The output is the line containing "London Eye in" plus every later line down to the end of the listing below, copied exactly. No pictures belong in it.

Source data -
+ + + +
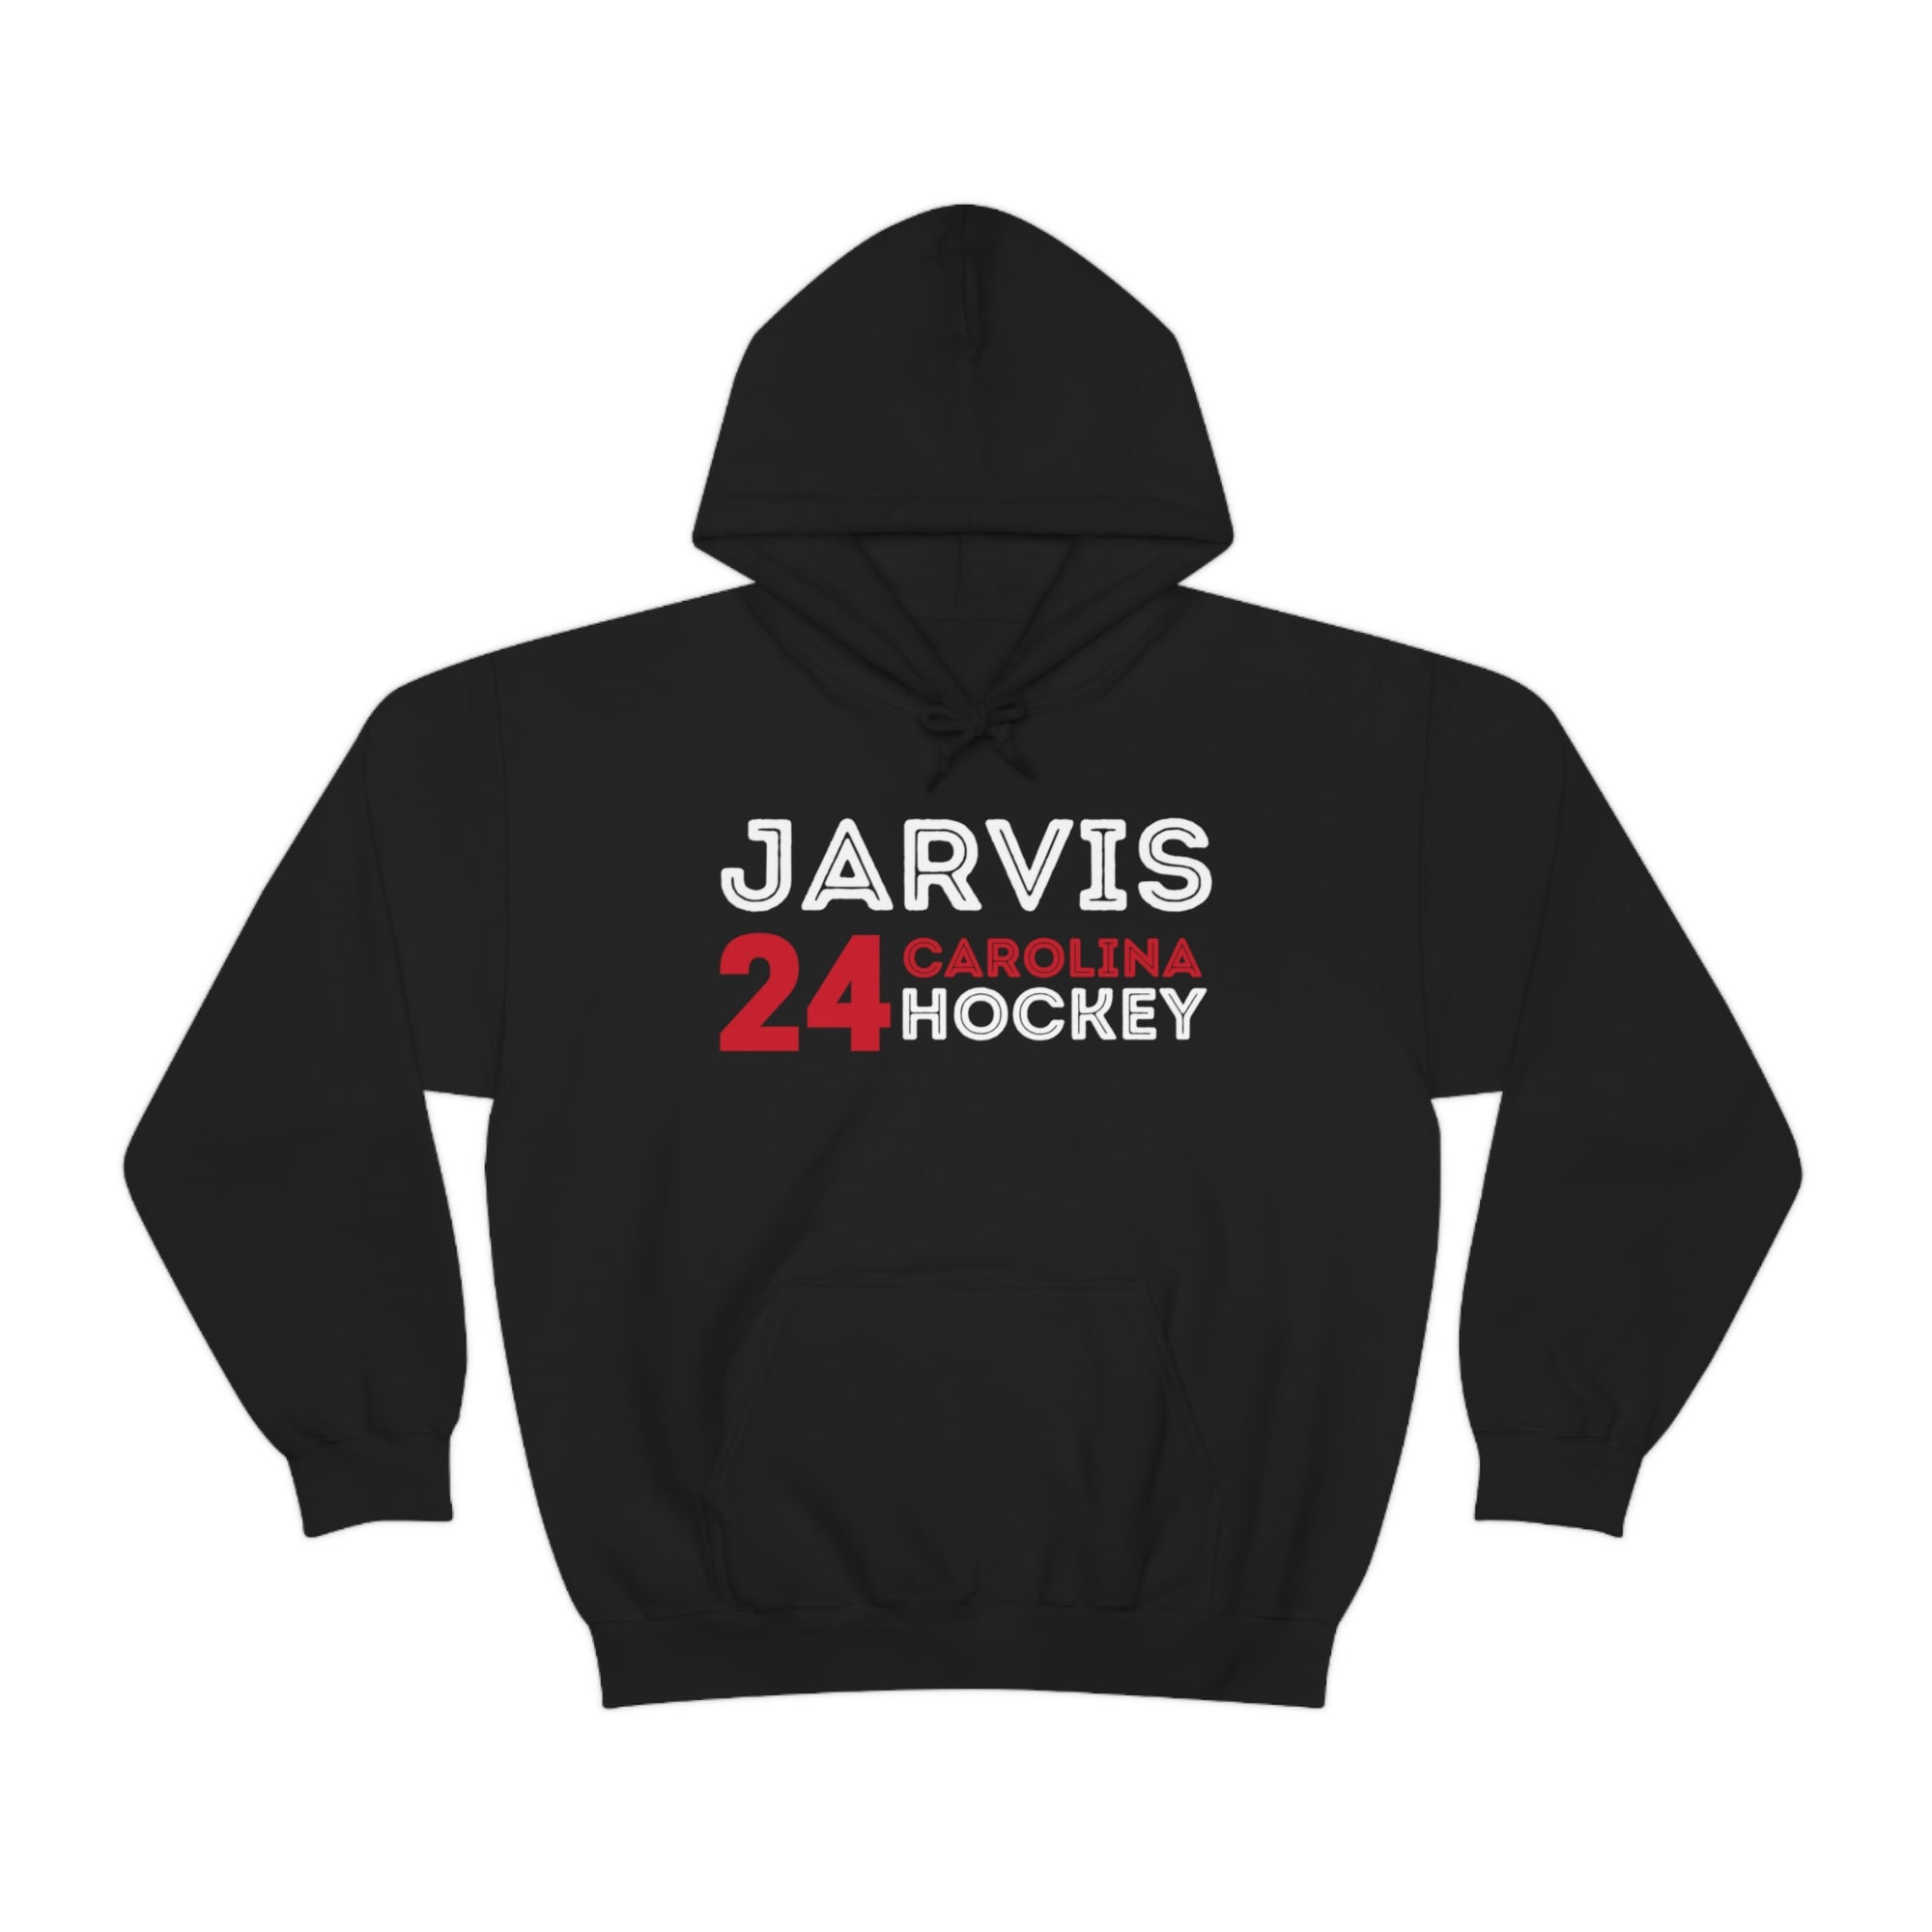 Jarvis 24 Carolina Hockey Unisex Hooded Sweatshirt
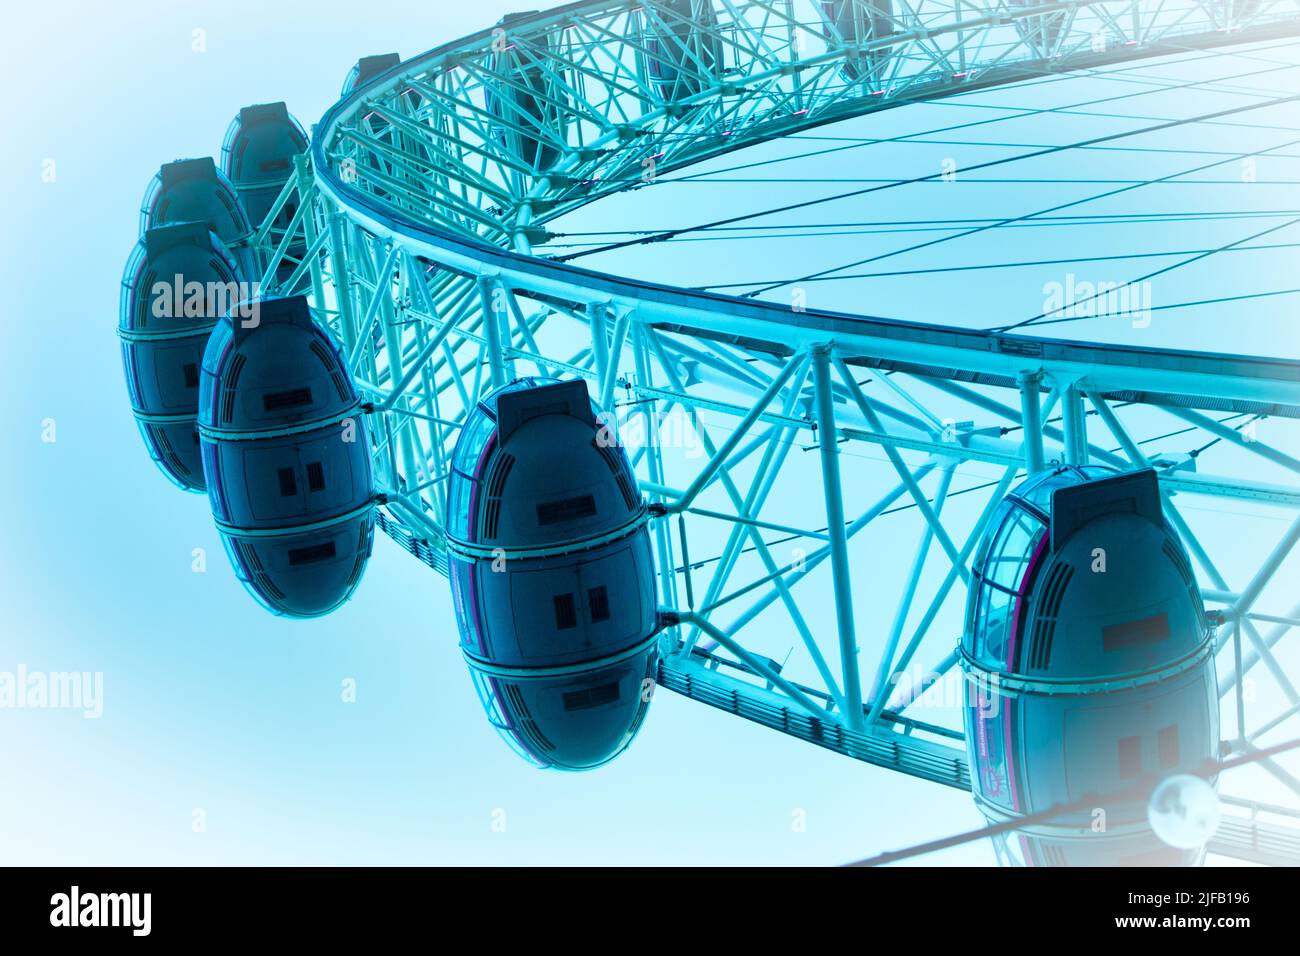 London Eye in blu, il London Eye è un'attrazione popolare a Londra, la capitale dell'Inghilterra Foto Stock
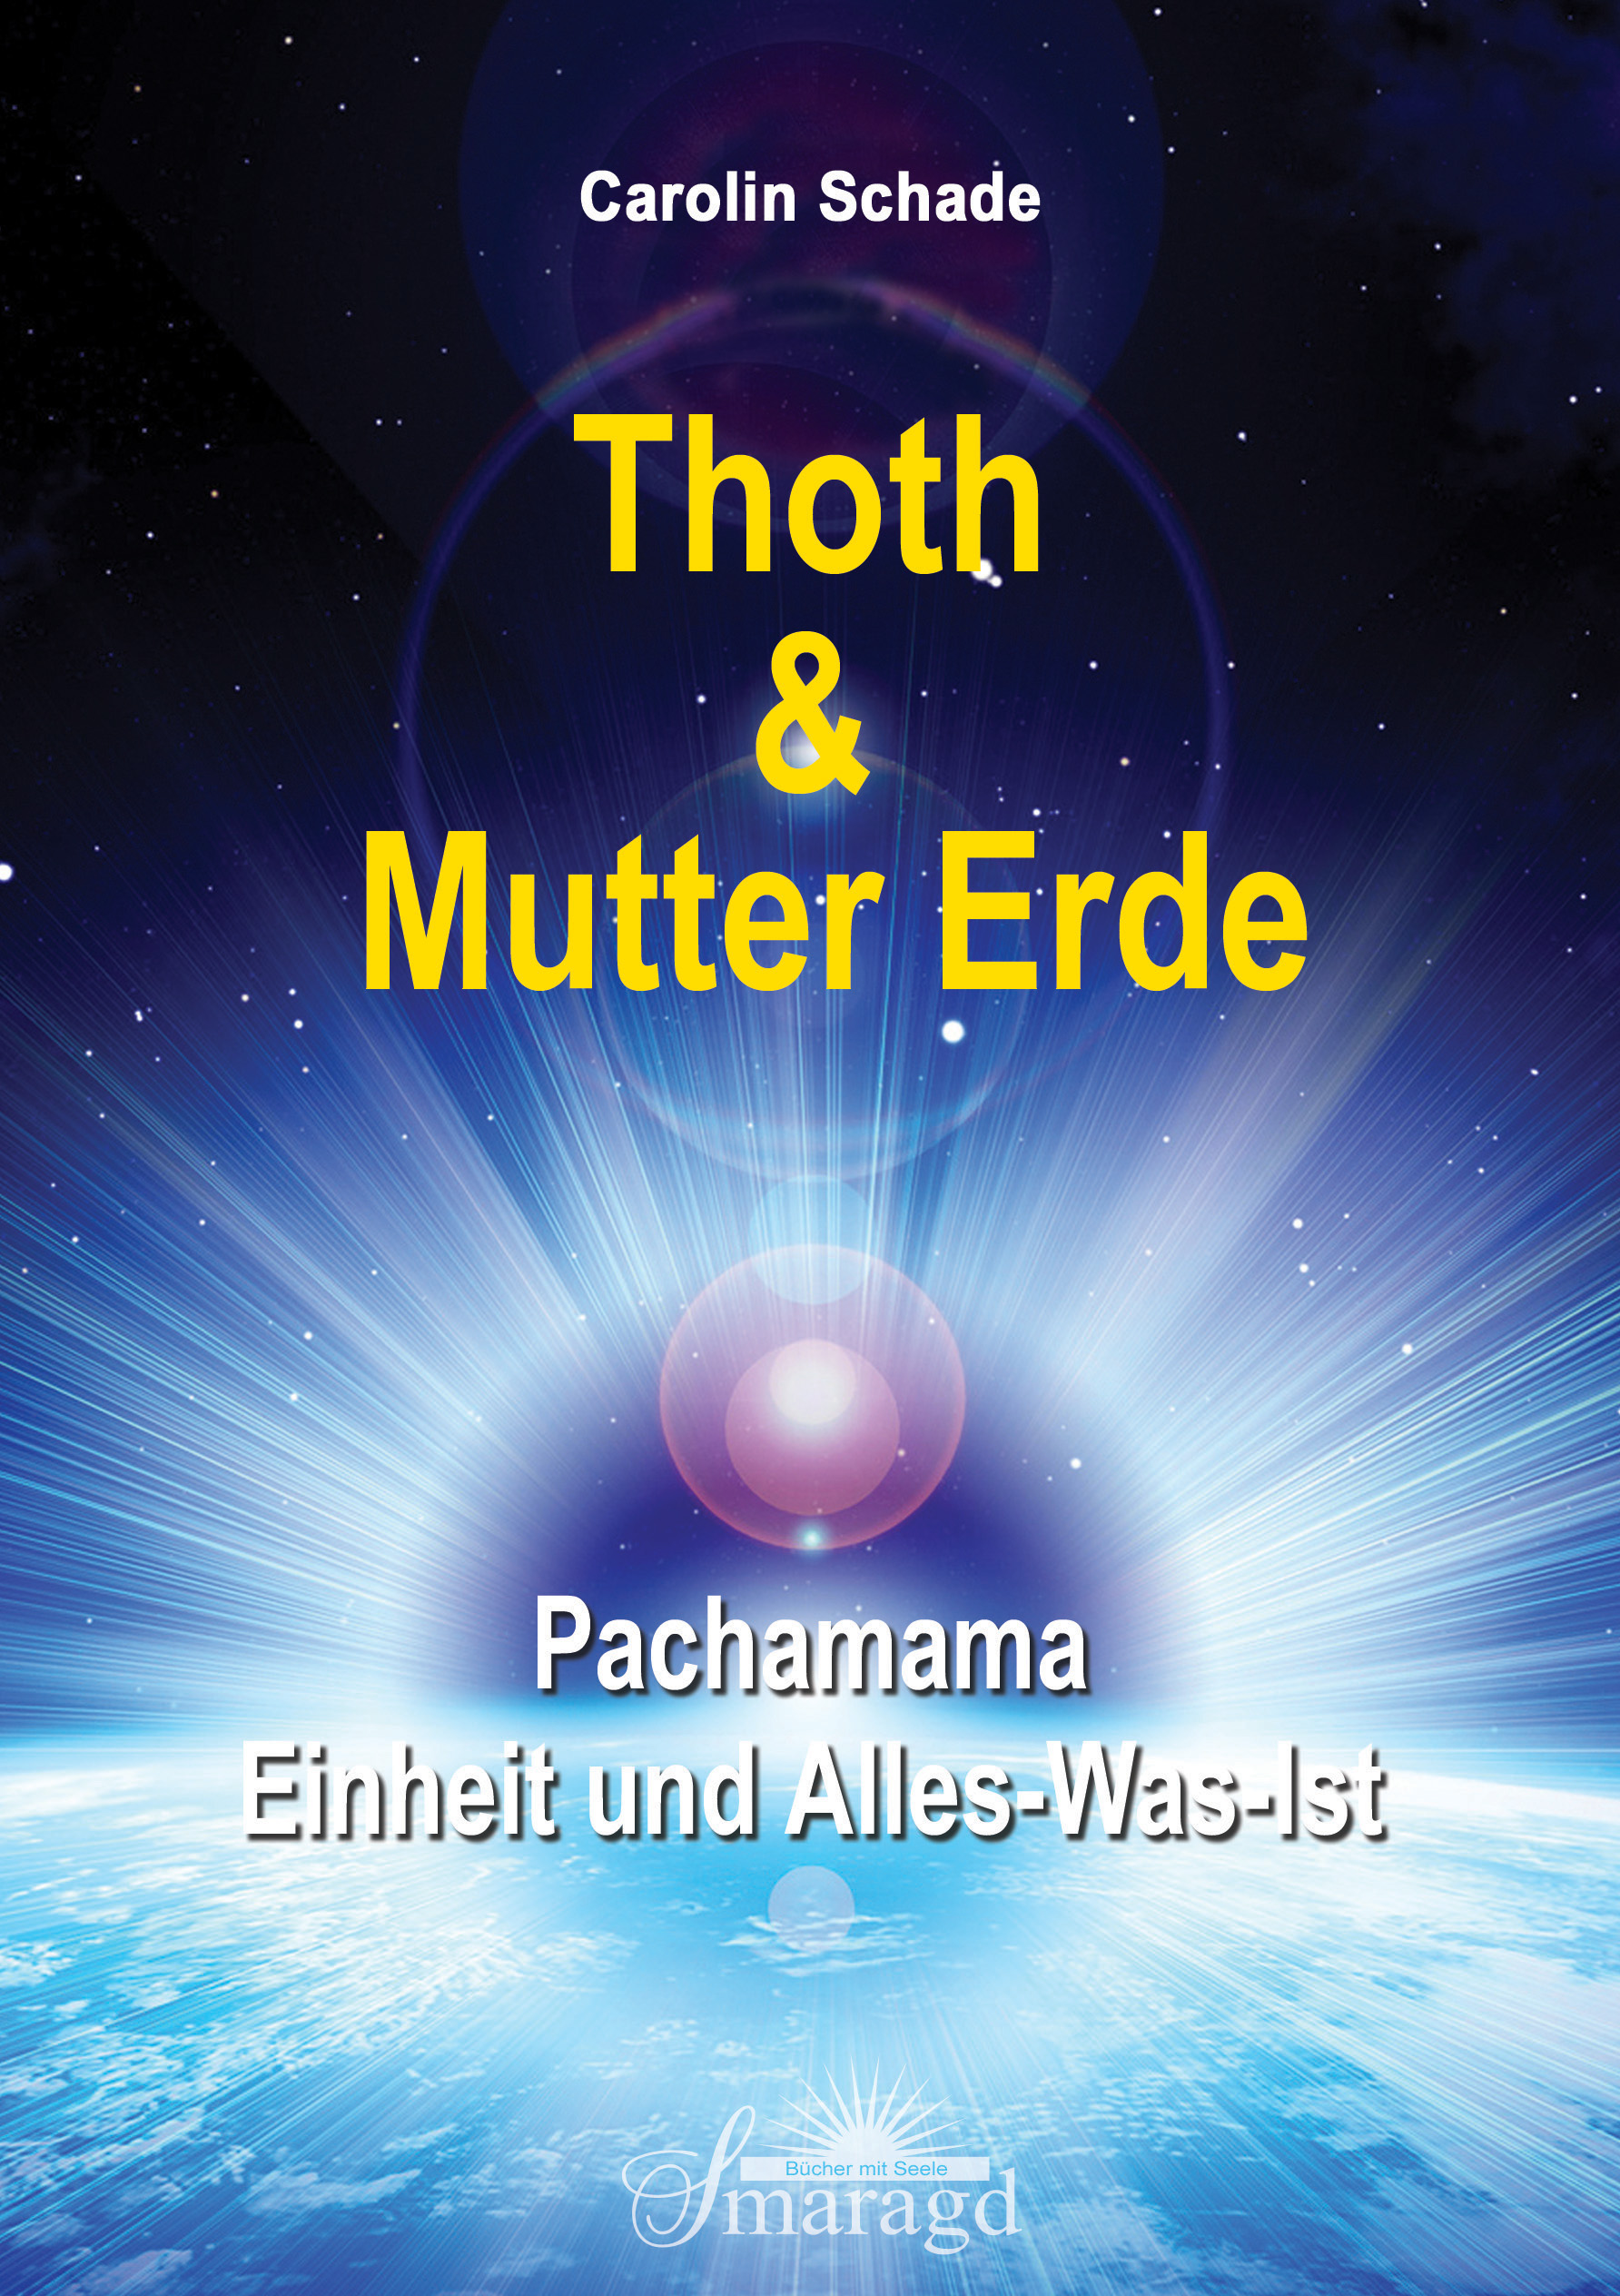 Thoth & Mutter Erde: Pachamama - Einheit und Alles-was-ist Carolin Schade - Carolin Schade
+ + + +
Answer for this exercise -
 London Eye in blu, il London Eye è un'attrazione popolare a Londra, la capitale dell'Inghilterra Foto Stock
 Thoth & Mutter Erde: Pachamama - Einheit und Alles-was-ist Carolin Schade - Carolin Schade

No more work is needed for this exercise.